A passion for antiques courses through the veins of 79-year-old Marion business owner Nadine Iseli. Her fervor is such that she’s reopened her Central Park Antiques store at a new location in downtown Marion.

“I’ll be doing this as long as I’m healthy and have fun doing it,” she said. “Once you’re involved with the public, it becomes part of your psyche and your being. I missed all my regular customers. They became my friends.”

Iseli and her husband Delmar, her business partner, sold their old building to FamLee Bakery last June, and then opened several consigner booths at Kessler Kreations in Hillsboro. When Iseli recently learned Kessler Kreations was closing out the retail portion of its business, Iseli’s reflex was one of soldiering on.

“I don’t really have a backup plan… I guess I’ll just have to find another place to rent,” she said when Marie Kessler made the announcement in early February.

Giving up and selling out to other antique dealers never crossed her mind.

“They’d be interested if you were giving it away but they’d never pay you what something is really worth,” she said.

It took her less than a month to find a place to rent, relocate, set up, and open March 1 at 162 W. Main St. She wanted a place in Marion because it was closer to her county lake home and she “missed being a part of Marion’s downtown.”

“I have a variety of glassware, scented candles, other antiques, the same type stuff that I’ve always sold; all I needed was a location,” she said. “Now, I’m in the old gas station building by Wagon Wheel in a pleasant, sunshiny little room with four nice windows where the yarn shop used to be.”

Finding a small rental space was central to her business needs.

“A lot of empty storefronts are bigger places, but I didn’t want that,” she said. “If I had opened a bigger place I would have had to take on other consigners to help pay the overhead. At this place, I don’t have to; its smallness fits me.”

She said she had too much inventory to consider calling it quits, and she enjoys antiquing too much for their stock ever to deplete.

“Delmar and I love searching for antiques whenever we travel,” Iseli said. “You never know what you’ll find. There is always something interesting. It’s almost like a treasure hunt.”
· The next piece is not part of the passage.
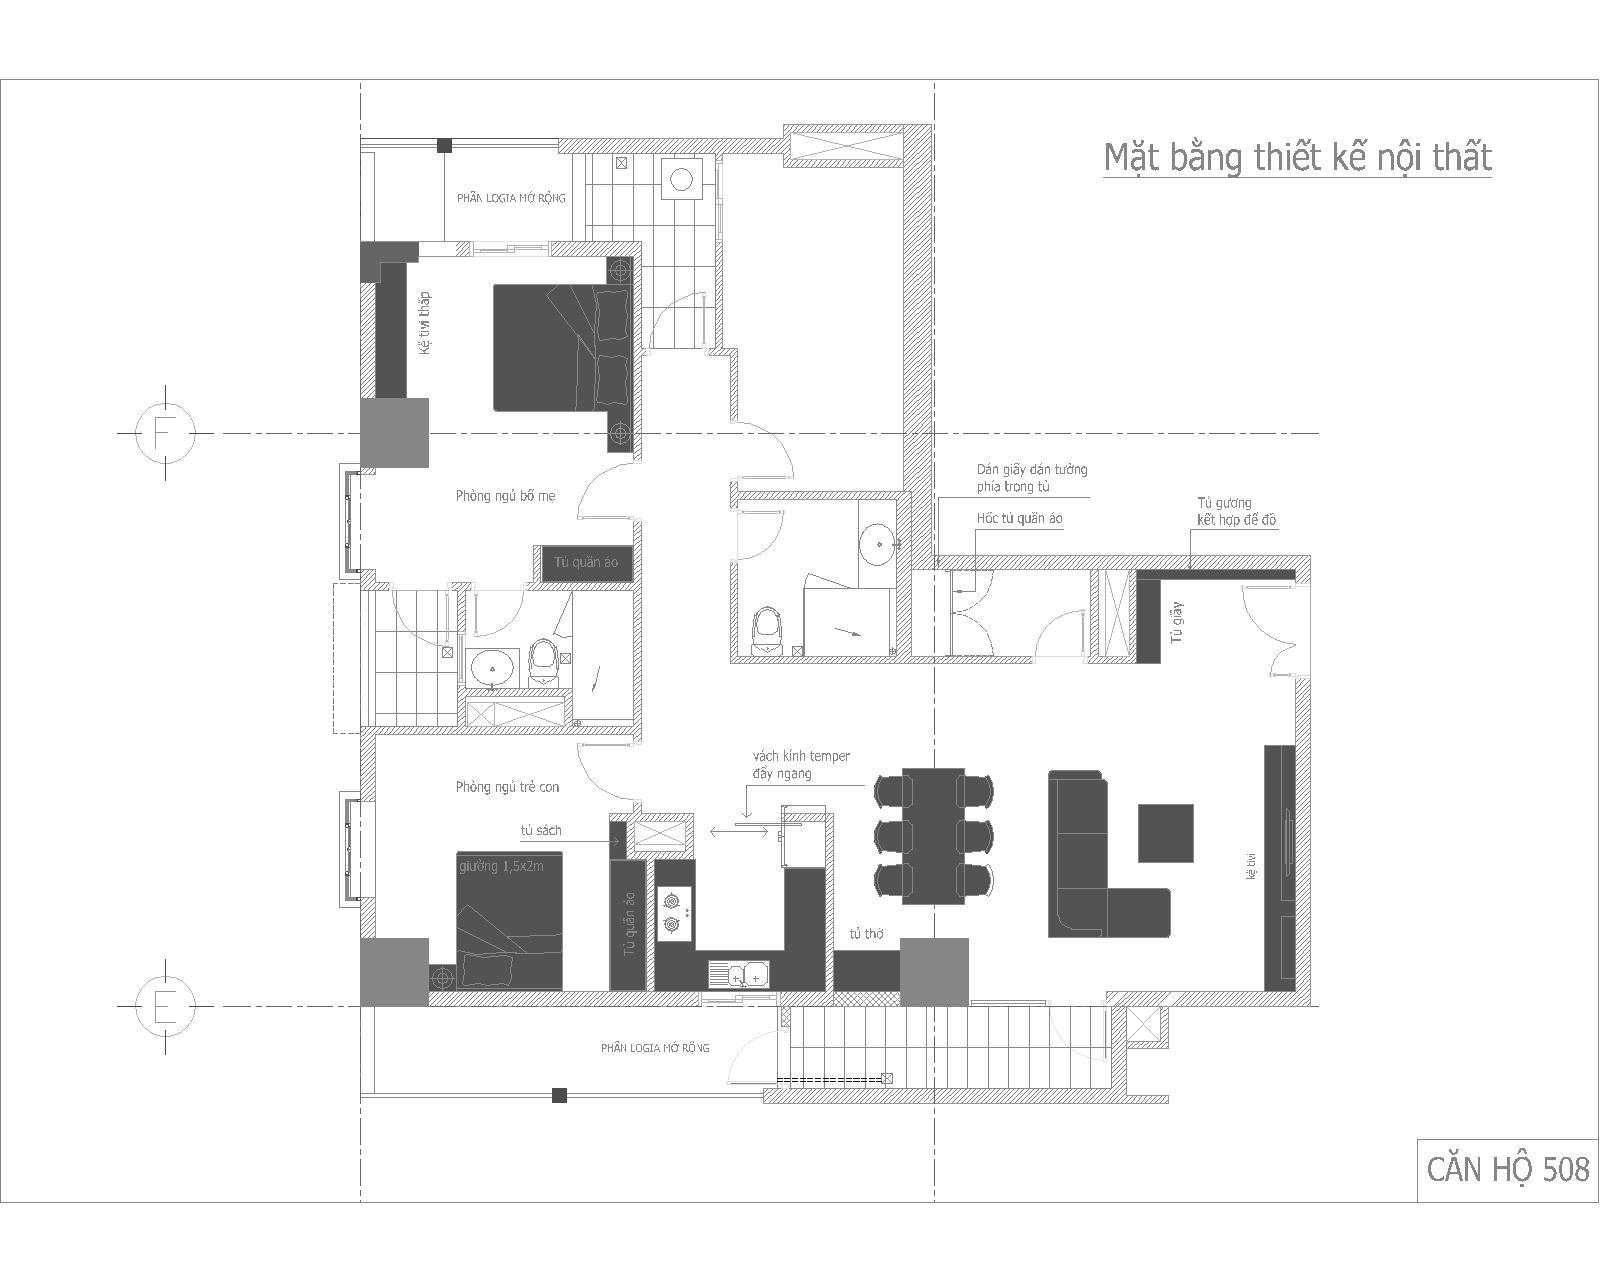 Nội thất căn hộ số 05 - chung cư GP Building - Mặt bằng cải tạo nội thất không thay đổi nhiều về kết cấu và  cấu trúc căn hộ mà xử lý, tận dụng các không gian bất lợi thành chức năng sử dụng hợp lý

She likes searching for things that remind her of her grandparents: Depression era glassware, lead crystal, primitive tools, and archaic kitchenware.

Butter churns and irons remind her of her grandmother.

“My grandma always churned butter and baked fresh bread,” she said. “When the bread cooled enough to slice, we would put fresh butter and a sprinkle of brown sugar on top; it was better than cake.

“My grandpa used to keep a wall full of primitive tools in his shed on the wall. He never used them. He just liked them.”

Her passion for antiques sprang from those memories.

“They did everyday chores with things from a bygone era,” Iseli said. “All of my love for those things comes from them.”

Central Park Antiques is now open from 10 a.m. to 4 p.m. Tuesday through Saturday.